I. La consécration du droit propre de l’associé à l’exercice de l’action sociale ut singuli

A. L’abandon du caractère subsidiaire de l’action ut singuli

L’action sociale ut singuli constitue l’une des prérogatives fondamentales reconnues à l’associé par le droit commun des sociétés. Le législateur en a posé le principe à l’article 1843-5 du Code civil (Legifrance), aux termes duquel un ou plusieurs associés peuvent intenter l’action sociale en responsabilité contre les gérants, les demandeurs étant habilités à poursuivre la réparation du préjudice subi par la société et les dommages-intérêts étant alloués à cette dernière en cas de condamnation. Ce mécanisme permet ainsi de pallier l’inertie des organes sociaux lorsque les dirigeants, auteurs des fautes, sont peu enclins à engager contre eux-mêmes l’action sociale ut universi. La jurisprudence a toutefois longtemps entretenu une certaine ambiguïté quant au caractère subsidiaire de cette action, certains juges du fond considérant que l’exercice concomitant de l’action sociale par la société elle-même privait l’associé de son intérêt à agir. Or, par un arrêt remarqué du 7 mai 2025, la chambre commerciale de la Cour de cassation a mis fin à cette incertitude en affirmant avec force que les associés sont investis d’un droit propre d’agir en réparation du préjudice subi par la société, lequel n’est pas affecté par l’exercice concomitant de son action par la société (Cass. com., 7 mai 2025, n°23-15.931, Publié au Bulletin).

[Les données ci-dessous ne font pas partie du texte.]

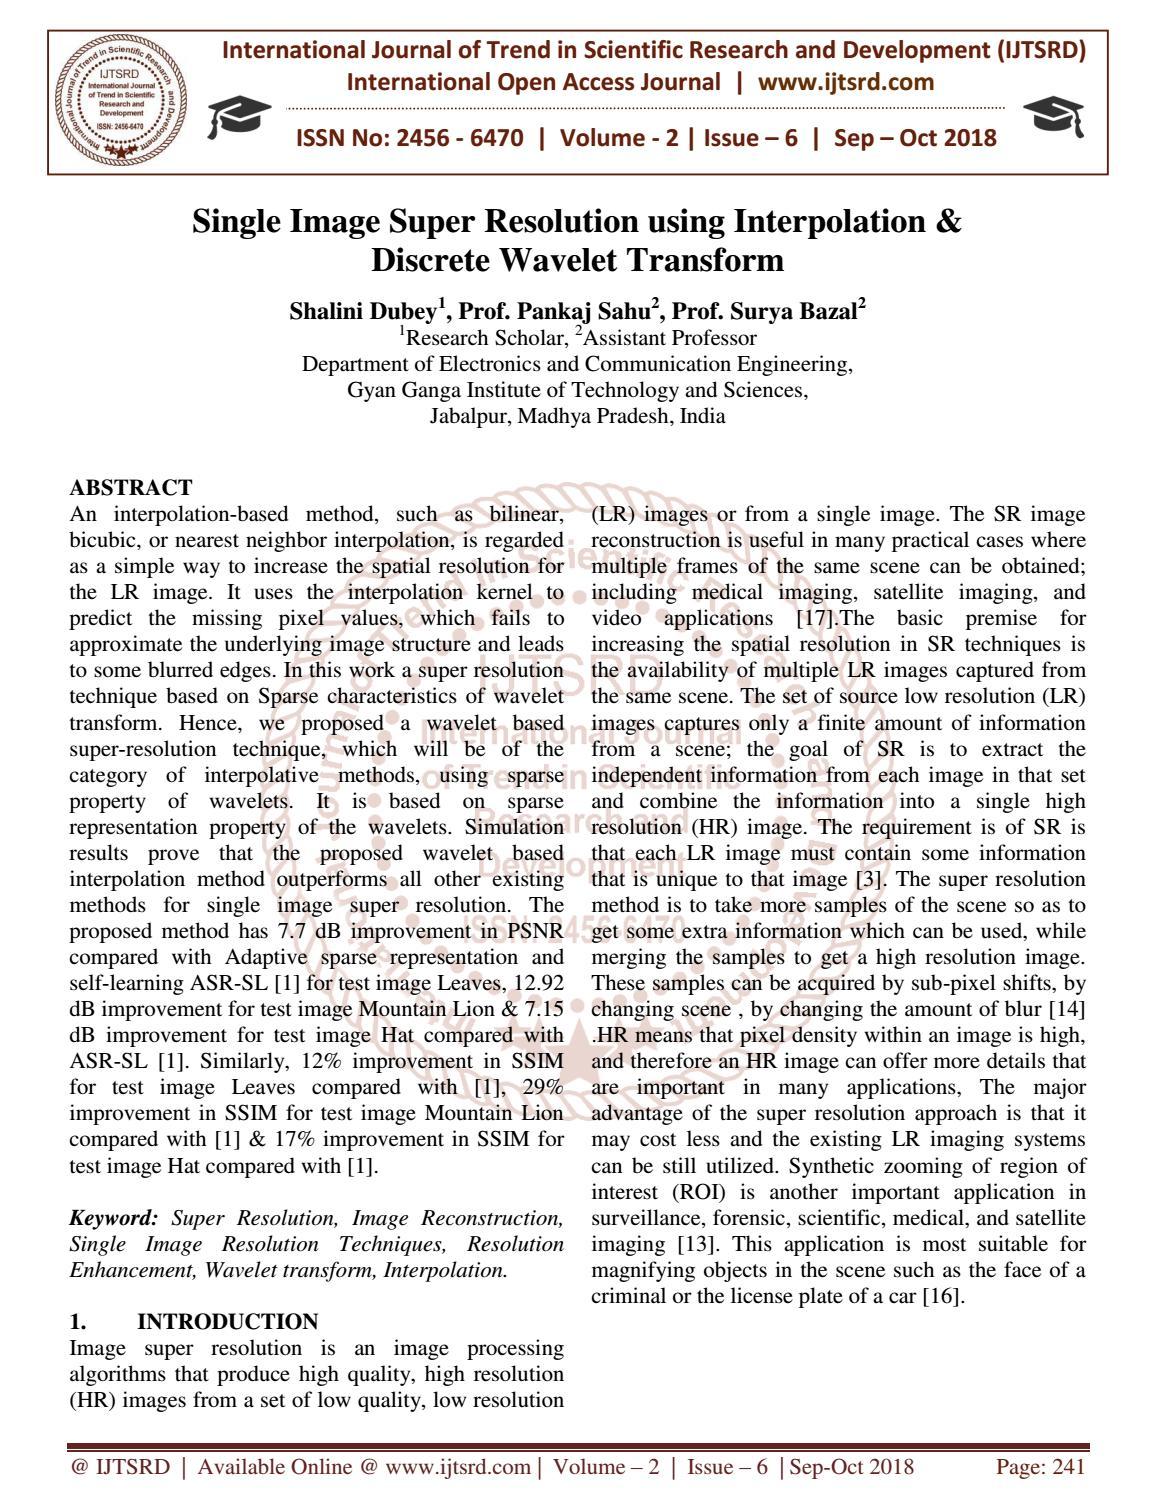 Single Image Super Resolution using Interpolation and Discrete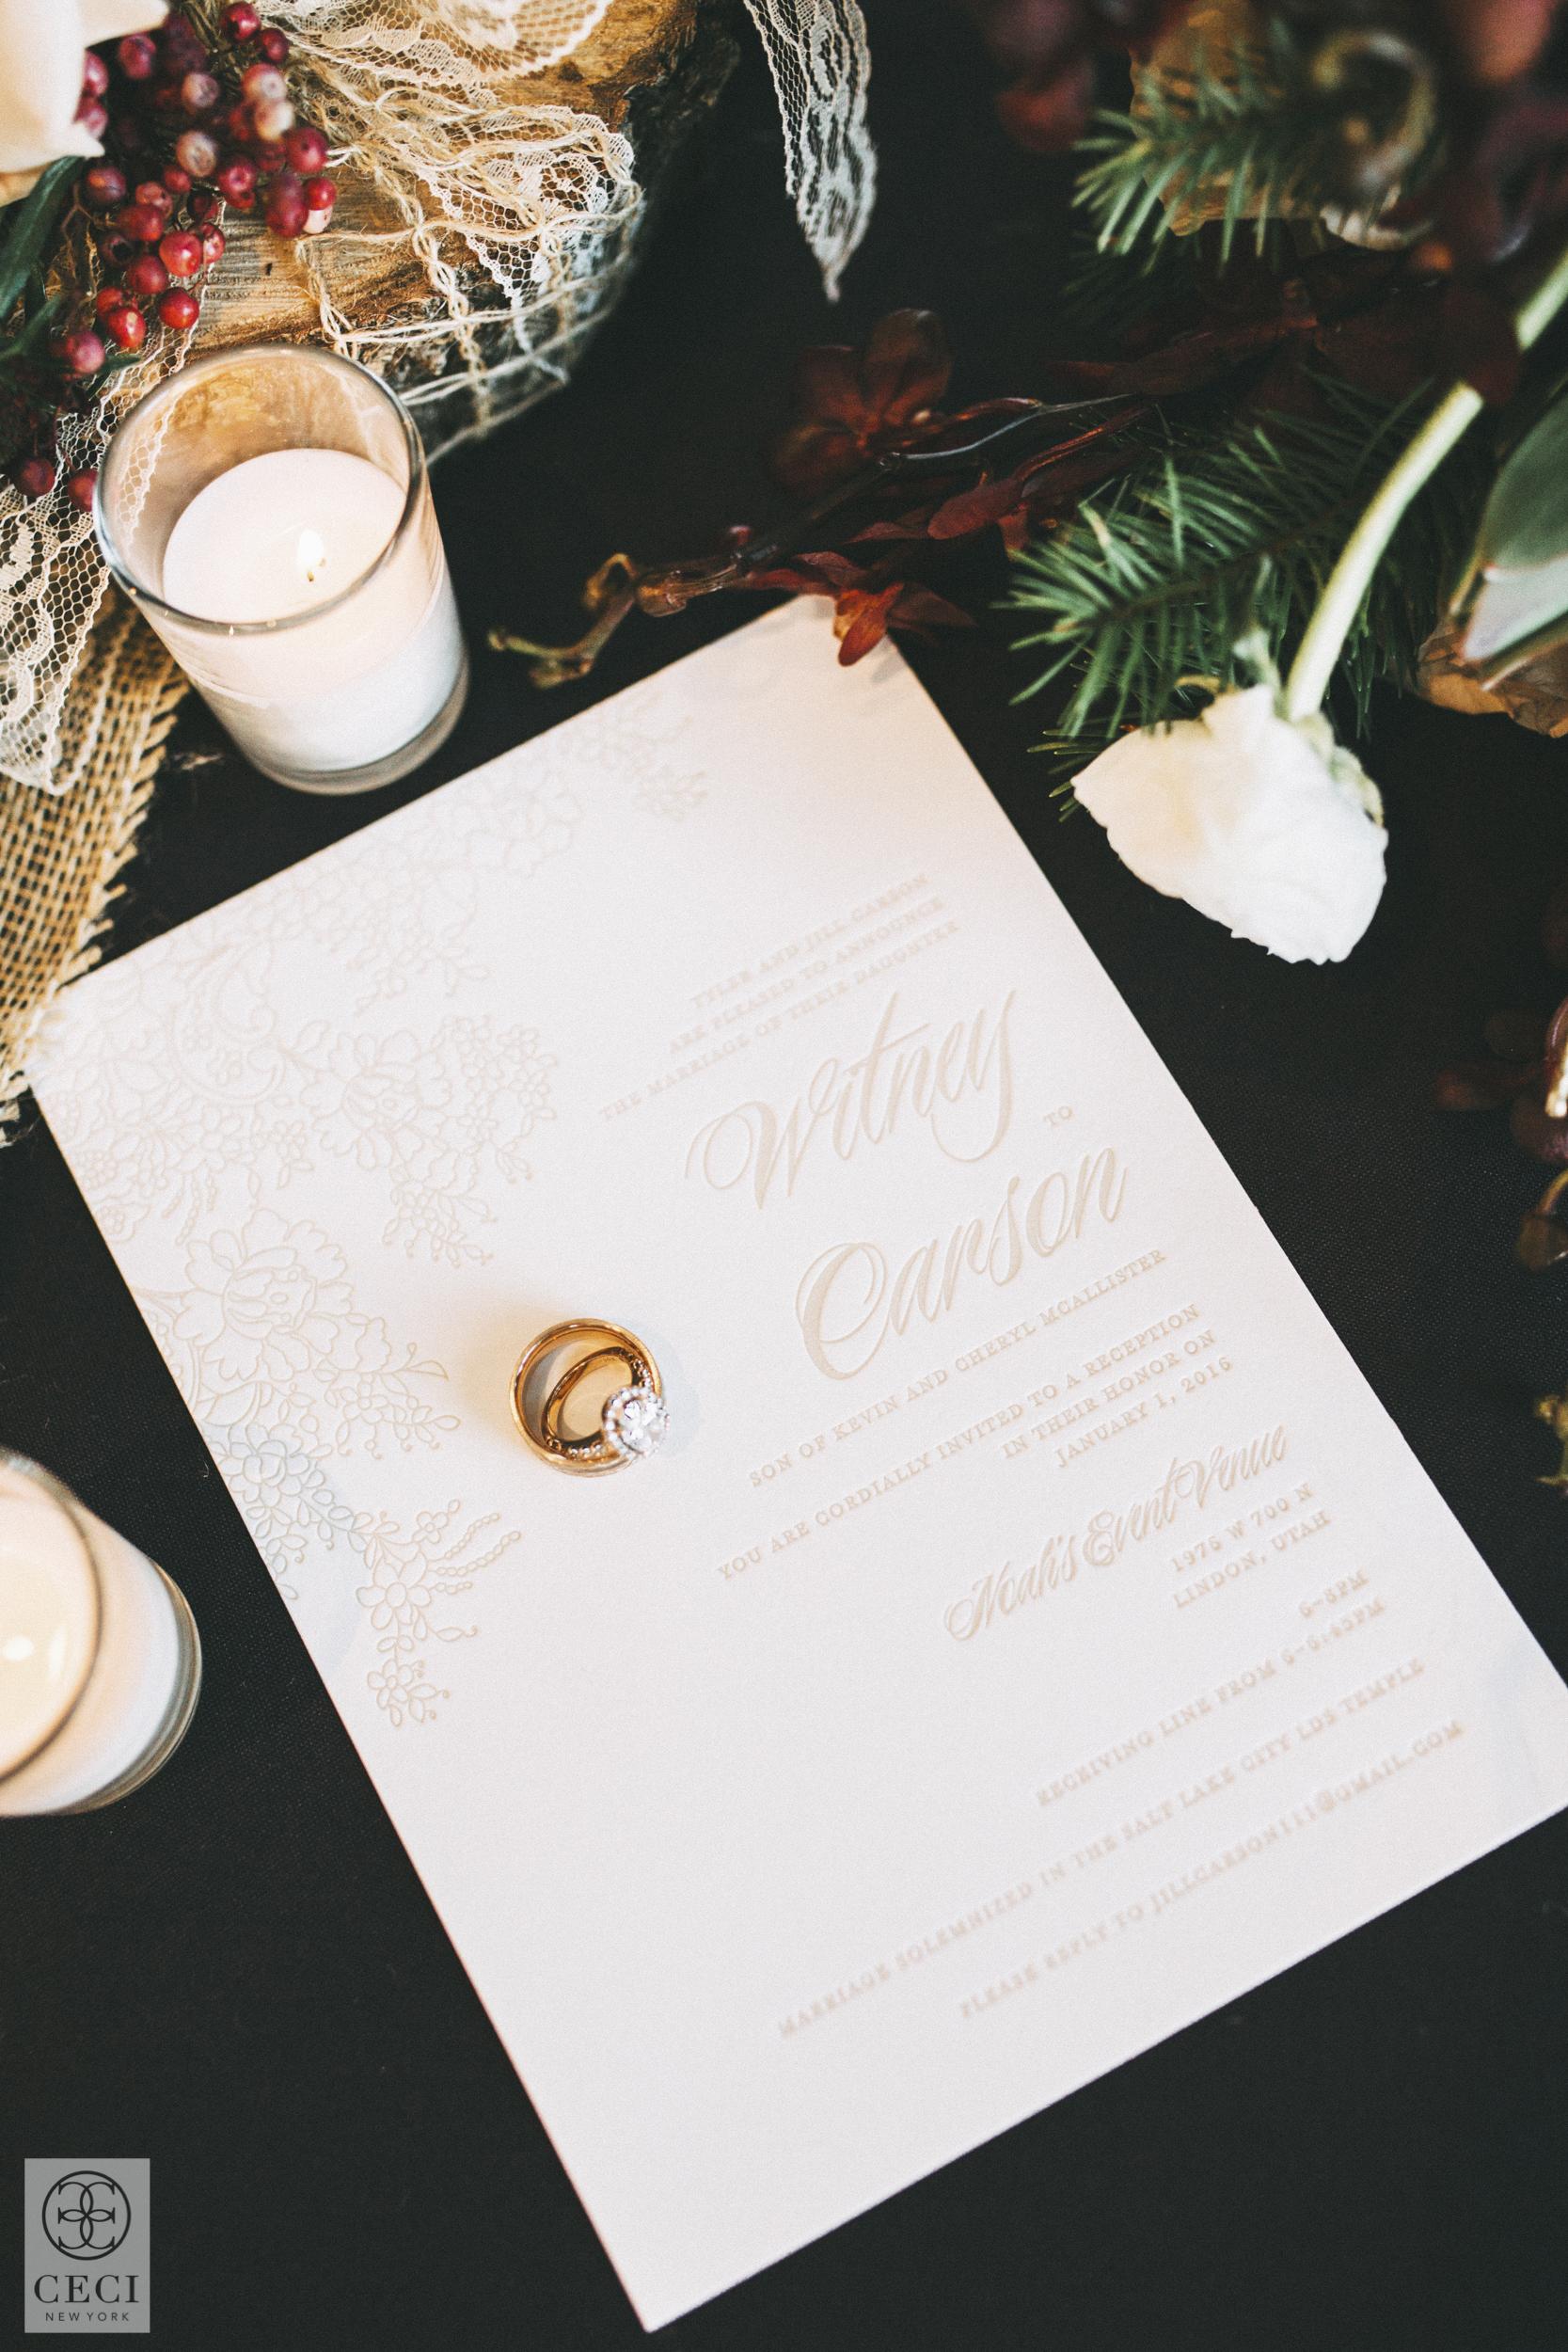 ceci_new_york_wedding_invitation_design_black_red_dramatic_macabre_statement-5.jpg

La Cour de cassation a ainsi censuré l’arrêt de la cour d’appel de Basse-Terre qui, après avoir énoncé que l’action sociale ut singuli est traditionnellement considérée comme une action subsidiaire, avait déclaré irrecevable l’action exercée par les consorts R. au motif que la société elle-même sollicitait déjà la réparation du même préjudice. La Haute juridiction rappelle, au visa des articles 31 du code de procédure civile et L. 223-22, alinéa 3, du code de commerce (Legifrance), que l’action est ouverte à tous ceux qui ont un intérêt légitime au succès ou au rejet d’une prétention et que les associés peuvent, soit individuellement, soit en se groupant, intenter l’action sociale en responsabilité contre les gérants. Il en résulte, selon la motivation adoptée, que les associés sont investis d’un droit propre d’agir en réparation du préjudice subi par la société, lequel n’est pas affecté par l’exercice concomitant de son action par la société. Par cette formulation particulièrement nette, la chambre commerciale consacre l’autonomie de l’action ut singuli par rapport à l’action ut universi, écartant définitivement la conception subsidiaire qui prévalait dans certaines juridictions du fond. Cette solution s’inscrit dans un mouvement jurisprudentiel plus large de renforcement des garanties procédurales offertes aux associés minoritaires, mouvement dont témoigne également l’arrêt rendu le 9 juillet 2025 par la même chambre, qui a jugé que la recevabilité d’une action en nullité d’une délibération sociale pour abus de majorité n’est pas, en l’absence de demande indemnitaire dirigée contre les associés majoritaires, subordonnée à la mise en cause de ces derniers (Cass. com., 9 juillet 2025, n°23-23.484, Publié au Bulletin). La convergence de ces deux décisions, rendues à quelques semaines d’intervalle, révèle une orientation prétorienne cohérente visant à faciliter l’accès des associés minoritaires au prétoire.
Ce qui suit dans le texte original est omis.